**DATA SHOWN:**
>>

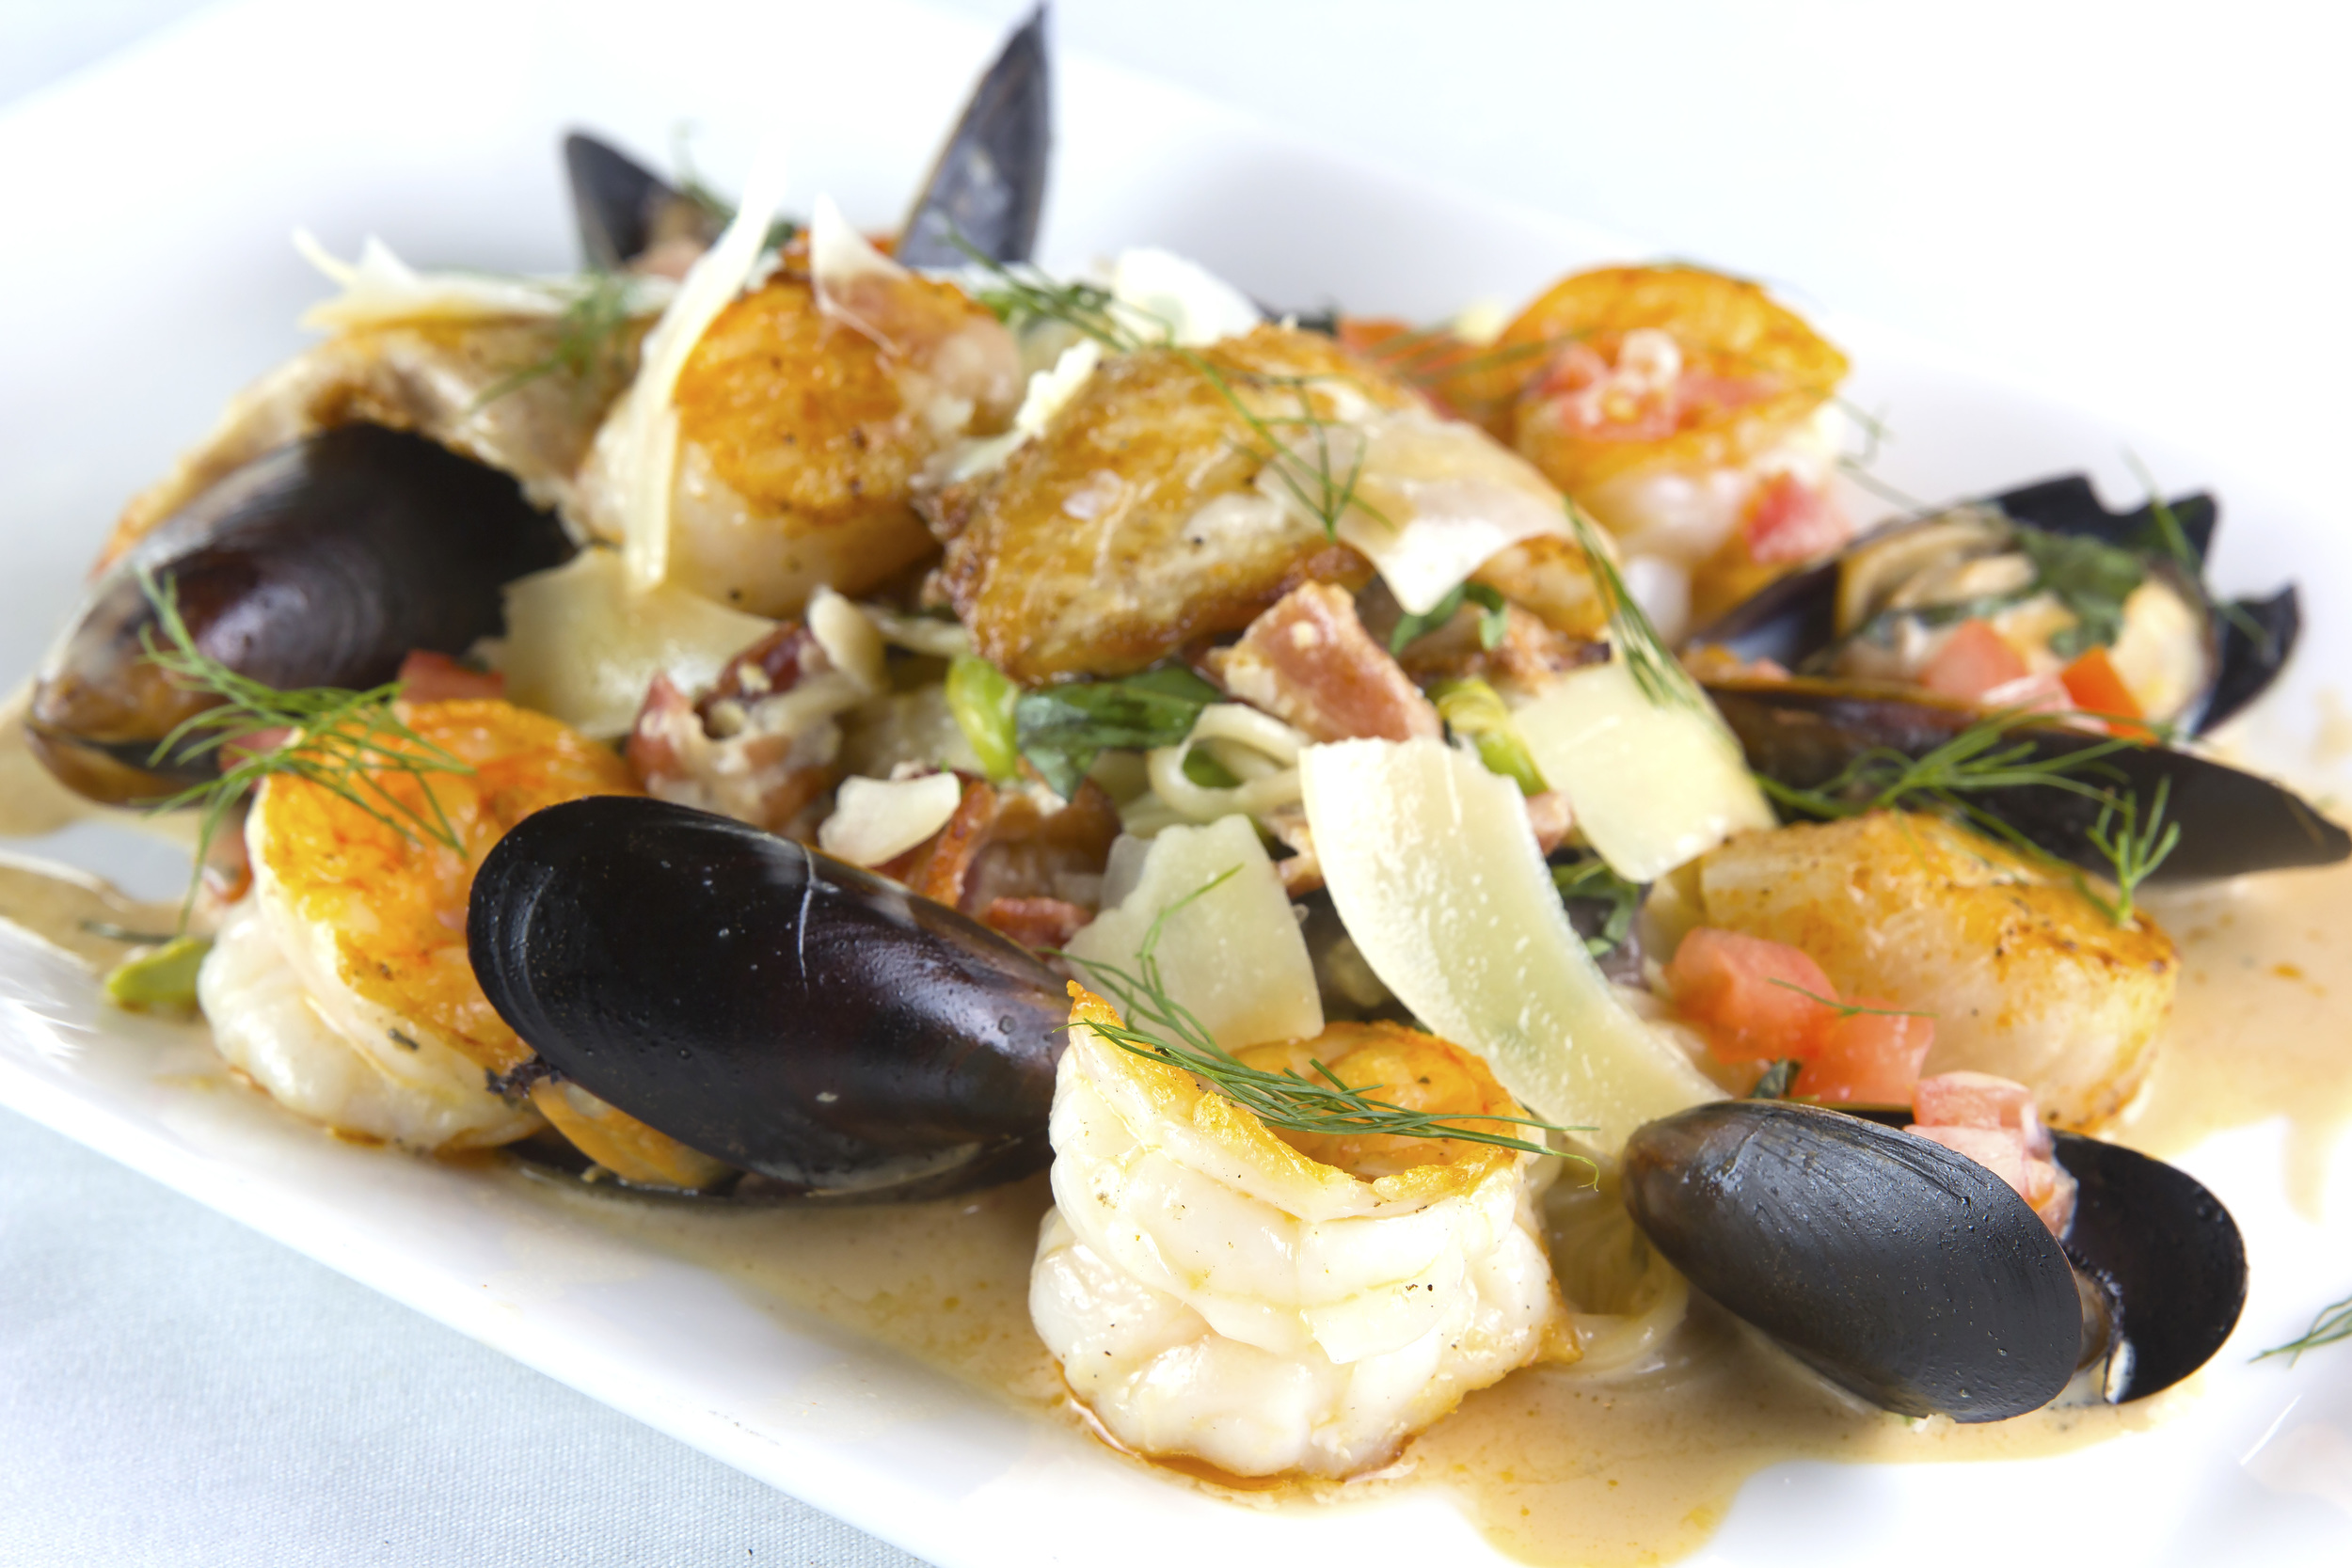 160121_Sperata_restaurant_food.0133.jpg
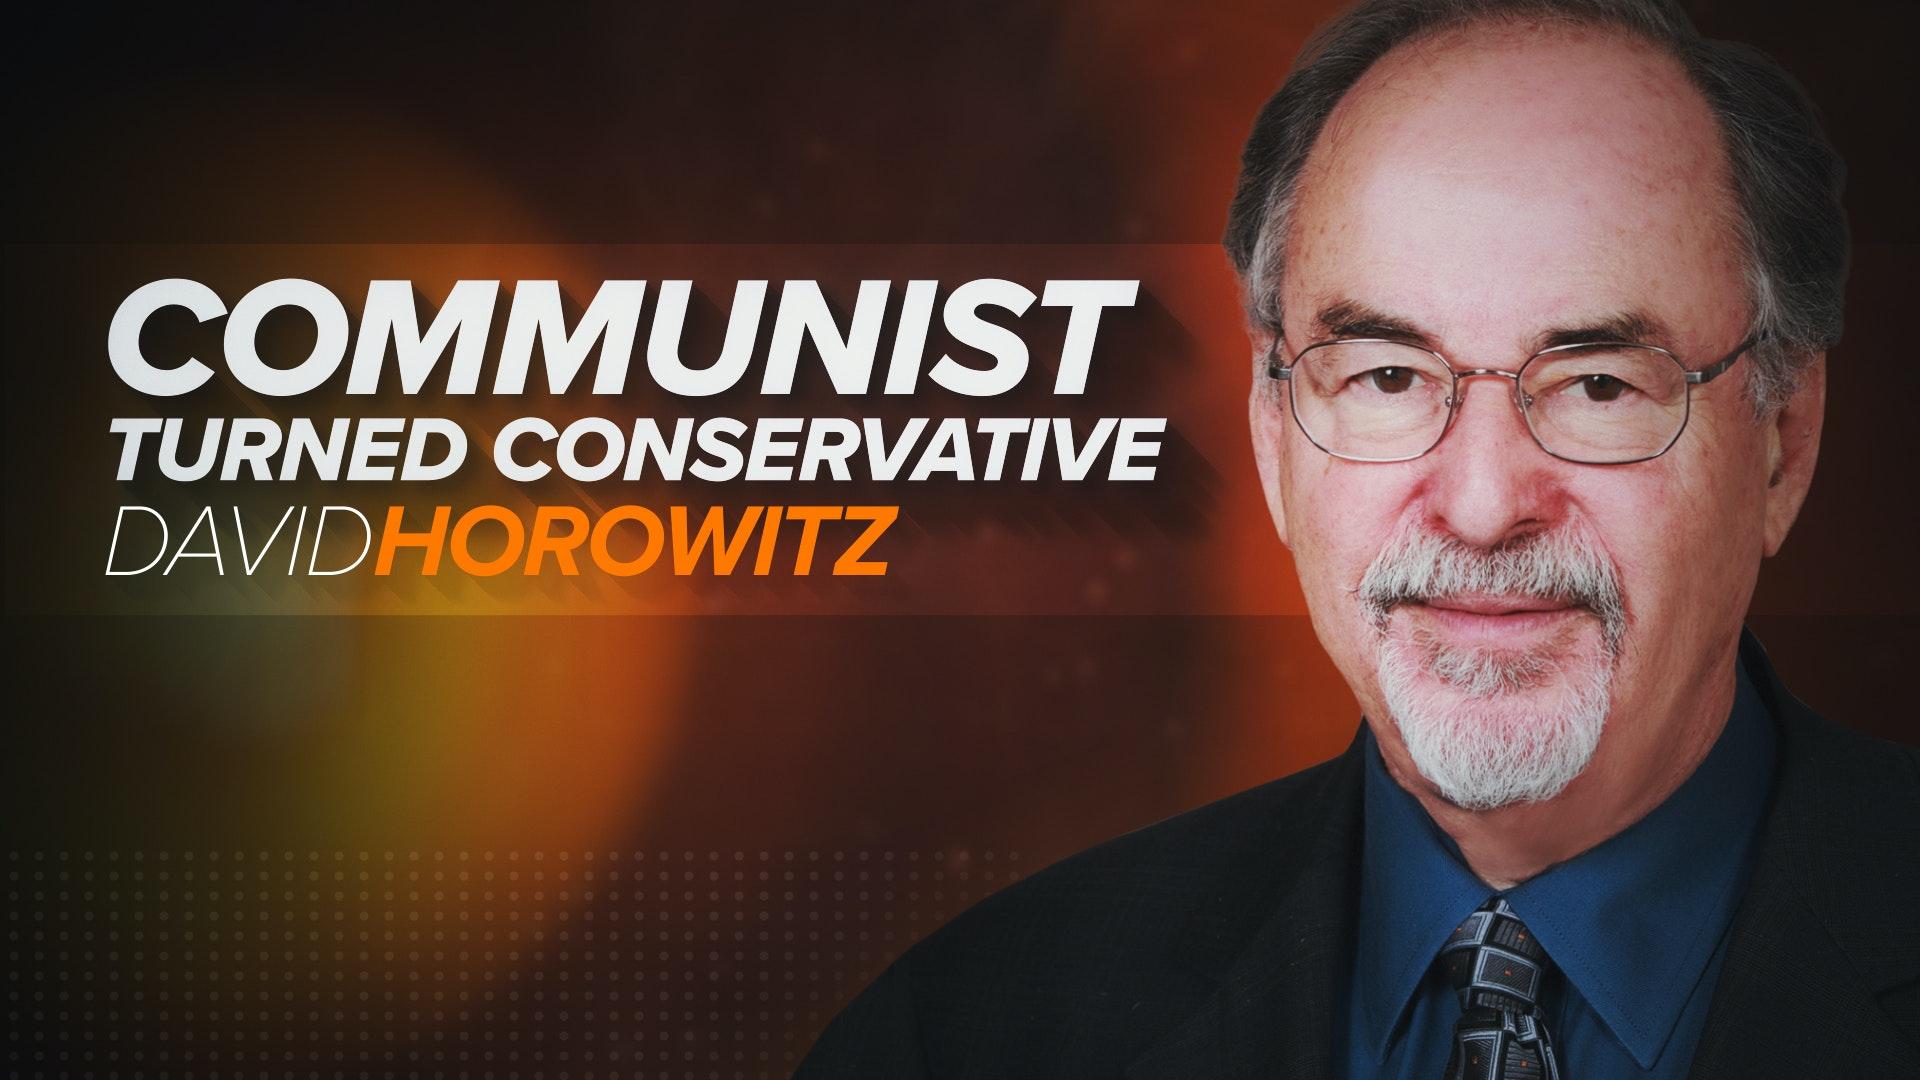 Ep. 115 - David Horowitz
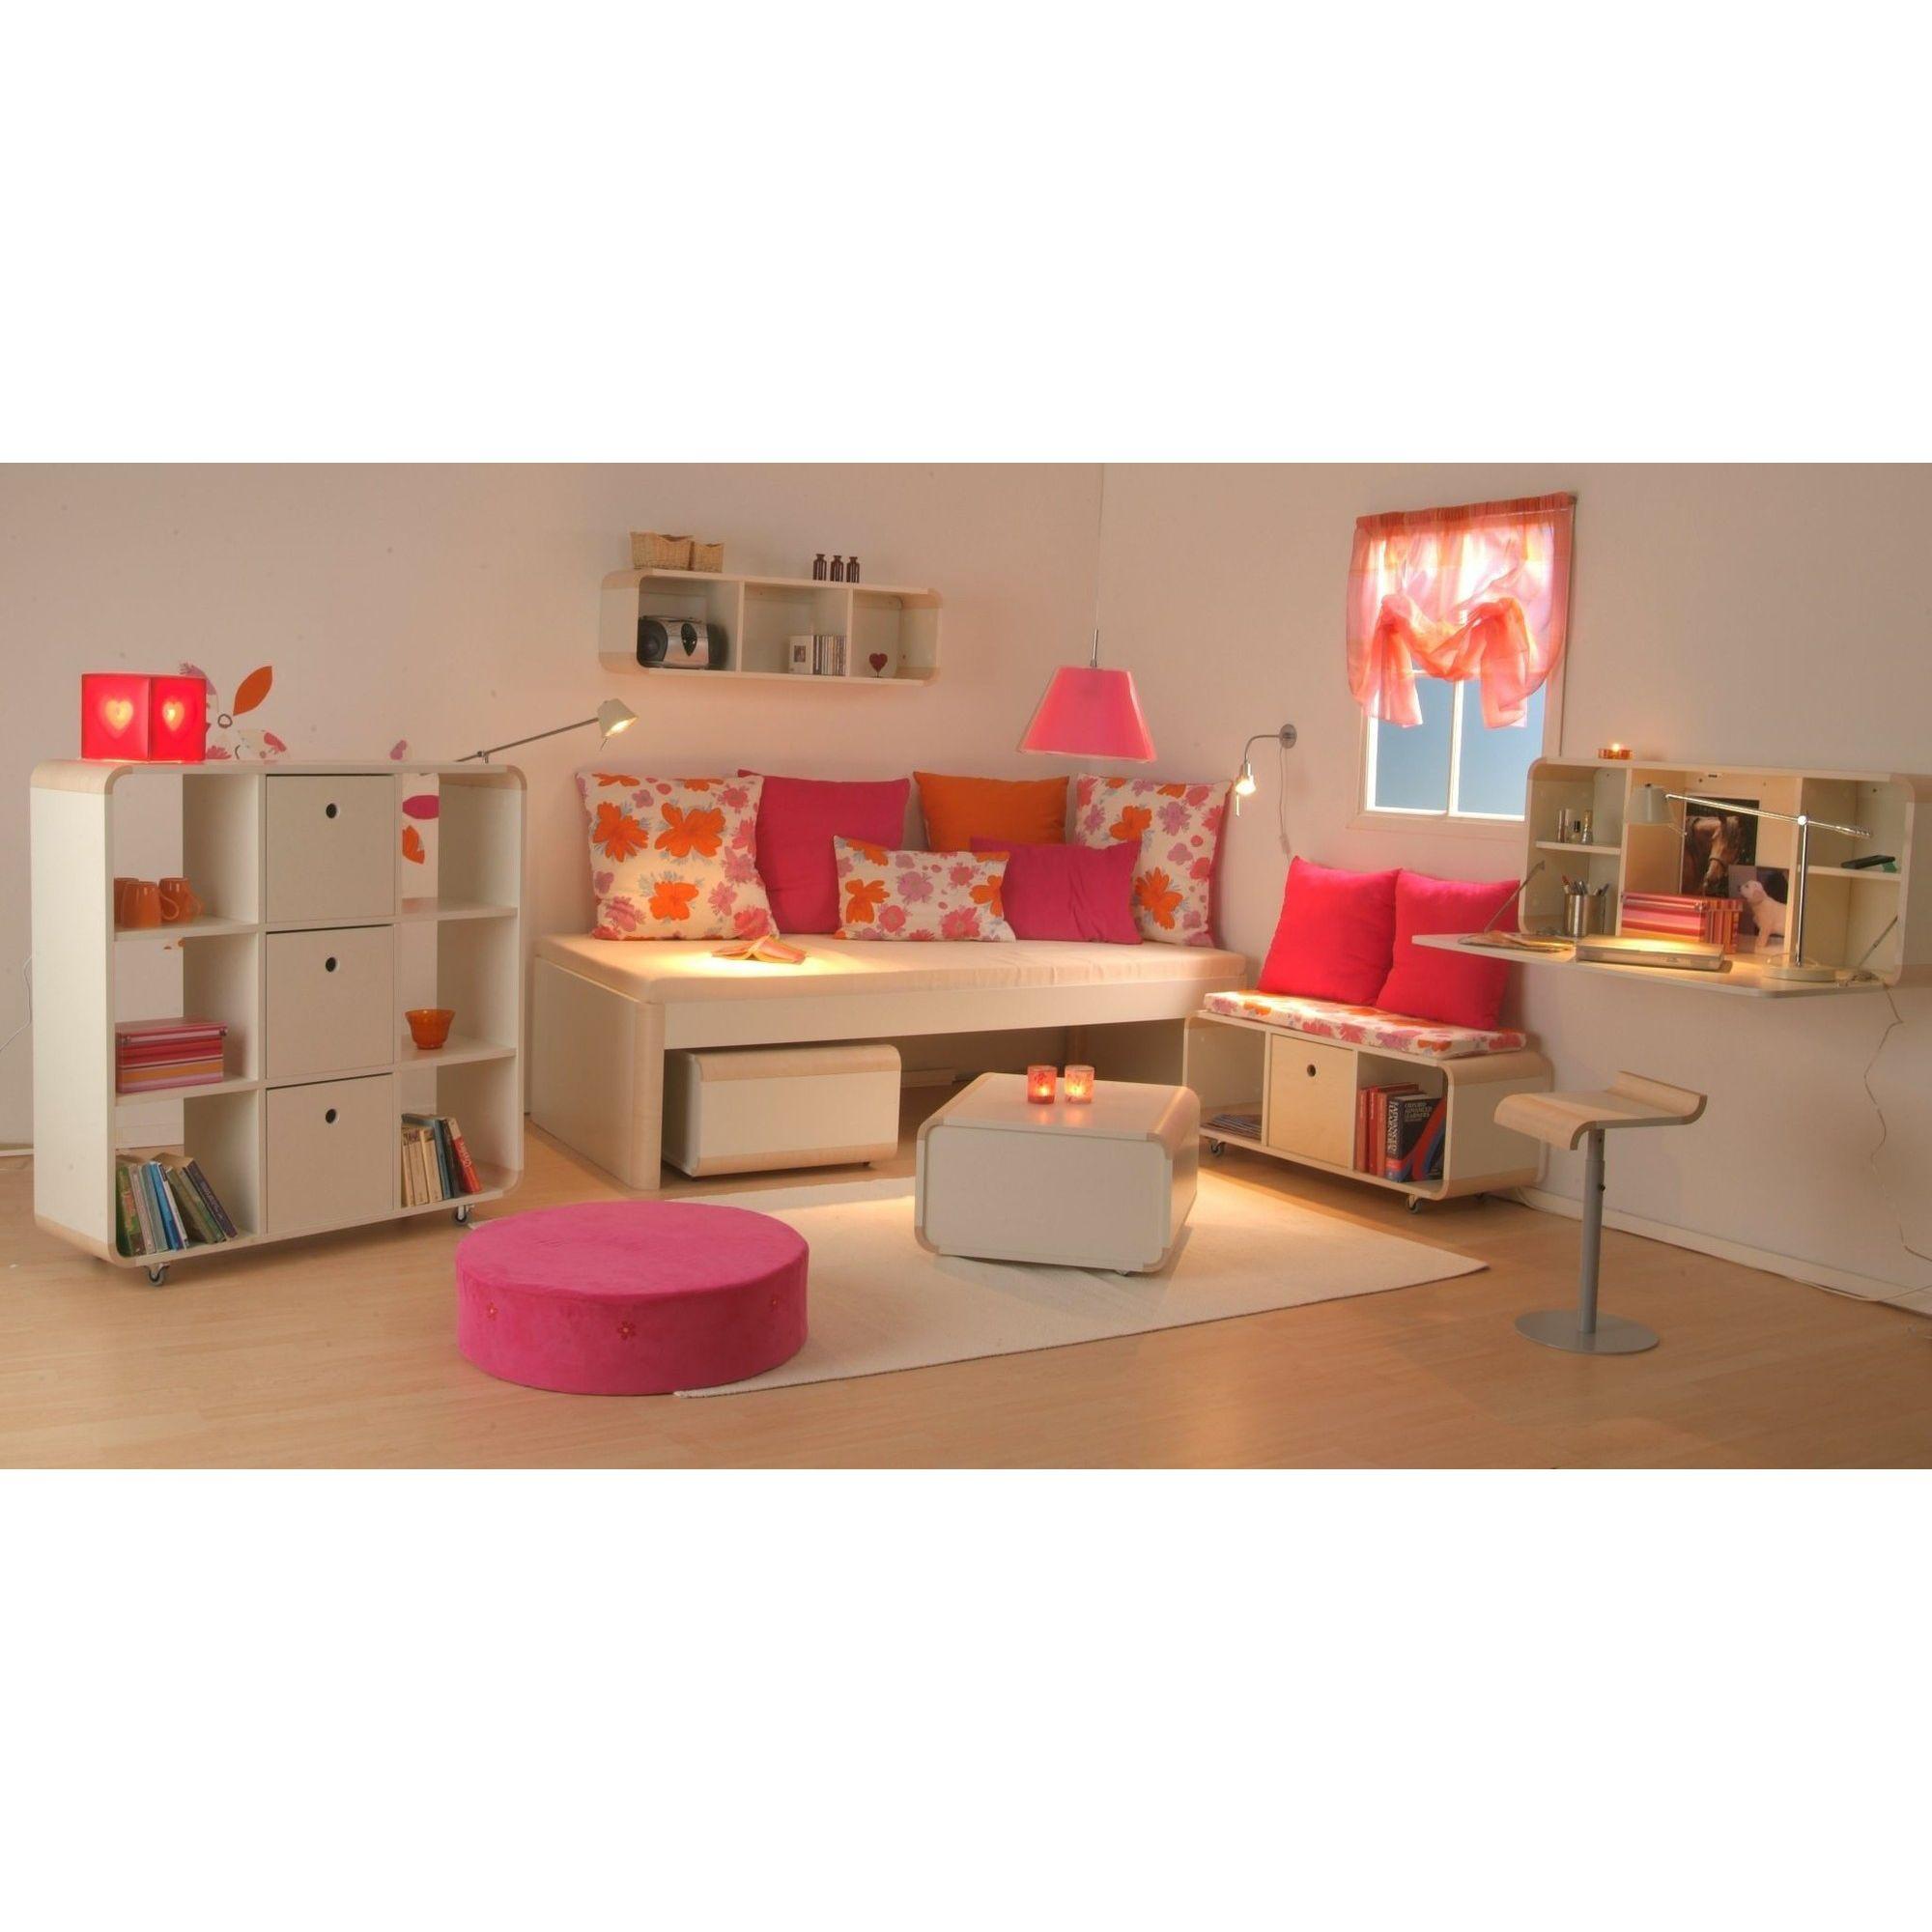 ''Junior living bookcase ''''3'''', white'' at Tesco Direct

<<

**WHAT TO DO:** Only the pictures are dropped when you print the material; everything else is copied exactly.

**REPLY:**
 160121_Sperata_restaurant_food.0133.jpg
 Ep. 115 - David Horowitz
 ''Junior living bookcase ''''3'''', white'' at Tesco Direct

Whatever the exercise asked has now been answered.